Aru Shah and the Nectar of Immortality
- Author: Roshani Chokshi
- Cover artist: Abigail L. Dela Cruz
- Language: English
- Series: Pandava Quintet
- Genre: Fantasy, Children's Fiction, Adventure
- Publisher: Disney Hyperion (US) Scholastic Corporation (UK)
- Publication date: April 5, 2022
- Publication place: United States
- Media type: Print (hardcover) (paperback) (audiobook) (e-book)
- Pages: 384
- ISBN: 978-1368055444
- Preceded by: Aru Shah and the City of Gold

= Aru Shah and the Nectar of Immortality =

Pandava Quintet Book Five

Aru Shah and the Nectar of Immortality is an American fantasy-adventure novel written by Roshani Chokshi, published under the "Rick Riordan Presents" imprint on April 5, 2022. It is the fifth and final novel in the Pandava Quintet. Aru and her allies must stop the Sleeper gaining the titular Nectar of Immortality before the next full moon, to prevent him from gaining "infinite power."

== Synopsis ==
Continuing from “Aru Shah and the City of Gold”, Aru Shah, Mini, Brynne, and Aiden respond to Kara's decision to join the Sleeper. The Council of Guardians communicates that the nectar of immortality, called amrita, is located in the Otherworld. The acquisition of the nectar would enable control over both the mortal and immortal realms.

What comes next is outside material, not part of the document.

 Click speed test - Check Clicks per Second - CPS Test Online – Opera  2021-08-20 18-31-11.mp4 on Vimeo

The group seeks information regarding the nectar’s location. They determine that the nectar is likely at the Ocean of Milk. Access to the nectar requires collecting five segments of a map. These map fragments are placed in various locations, each with obstacles originating from Hindu mythology. Some locations are protected by mythological beings or illusions.
During the acquisition of the map segments, the Pandavas encounter Kara and the Sleeper, who are pursuing the same objective. The Pandavas proceed through challenges and obtain all the map fragments.

Upon completing the map, the group enters the Ocean of Milk. Additional obstacles are presented, including tests delivered through visions and external threats. The group advances through these challenges and arrives at the center of the Ocean.

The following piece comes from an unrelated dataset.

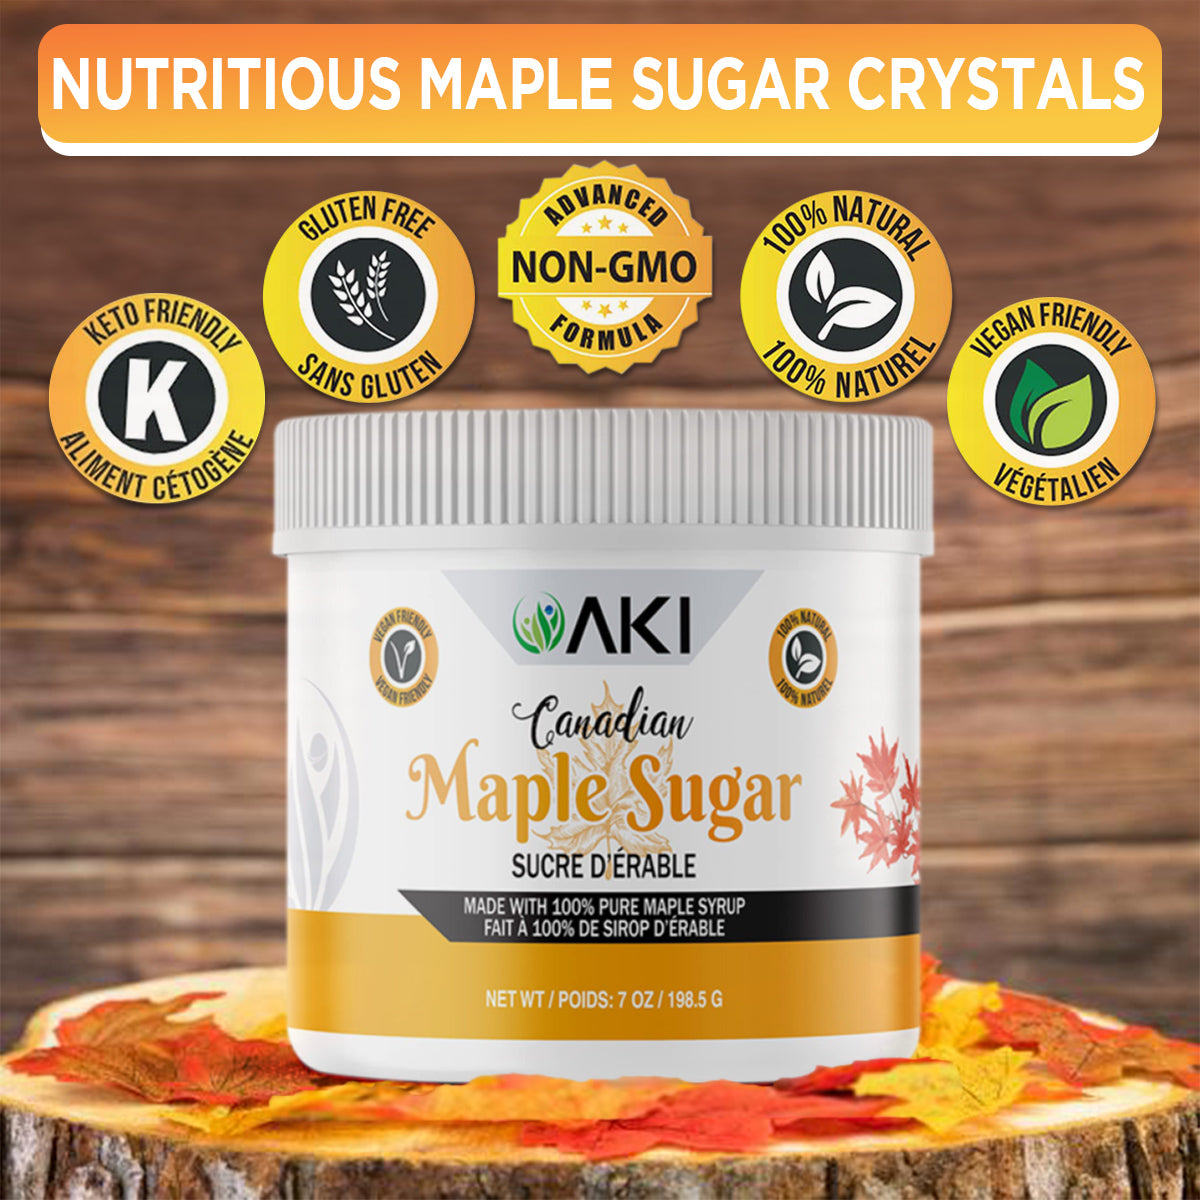 Canadian Natural Maple Sugar Granulated (7 Oz/ 198.5 g) NEW RELEASE

Kara and the Sleeper arrive at the Ocean of Milk. A confrontation occurs between the Pandavas, Kara, and the Sleeper regarding possession of the amrita. Information about the family history and motivations of several characters is revealed. Aru decides to smash the cauldron containing the amrita so everyone’s stories can be told. The boundary between the worlds is retained.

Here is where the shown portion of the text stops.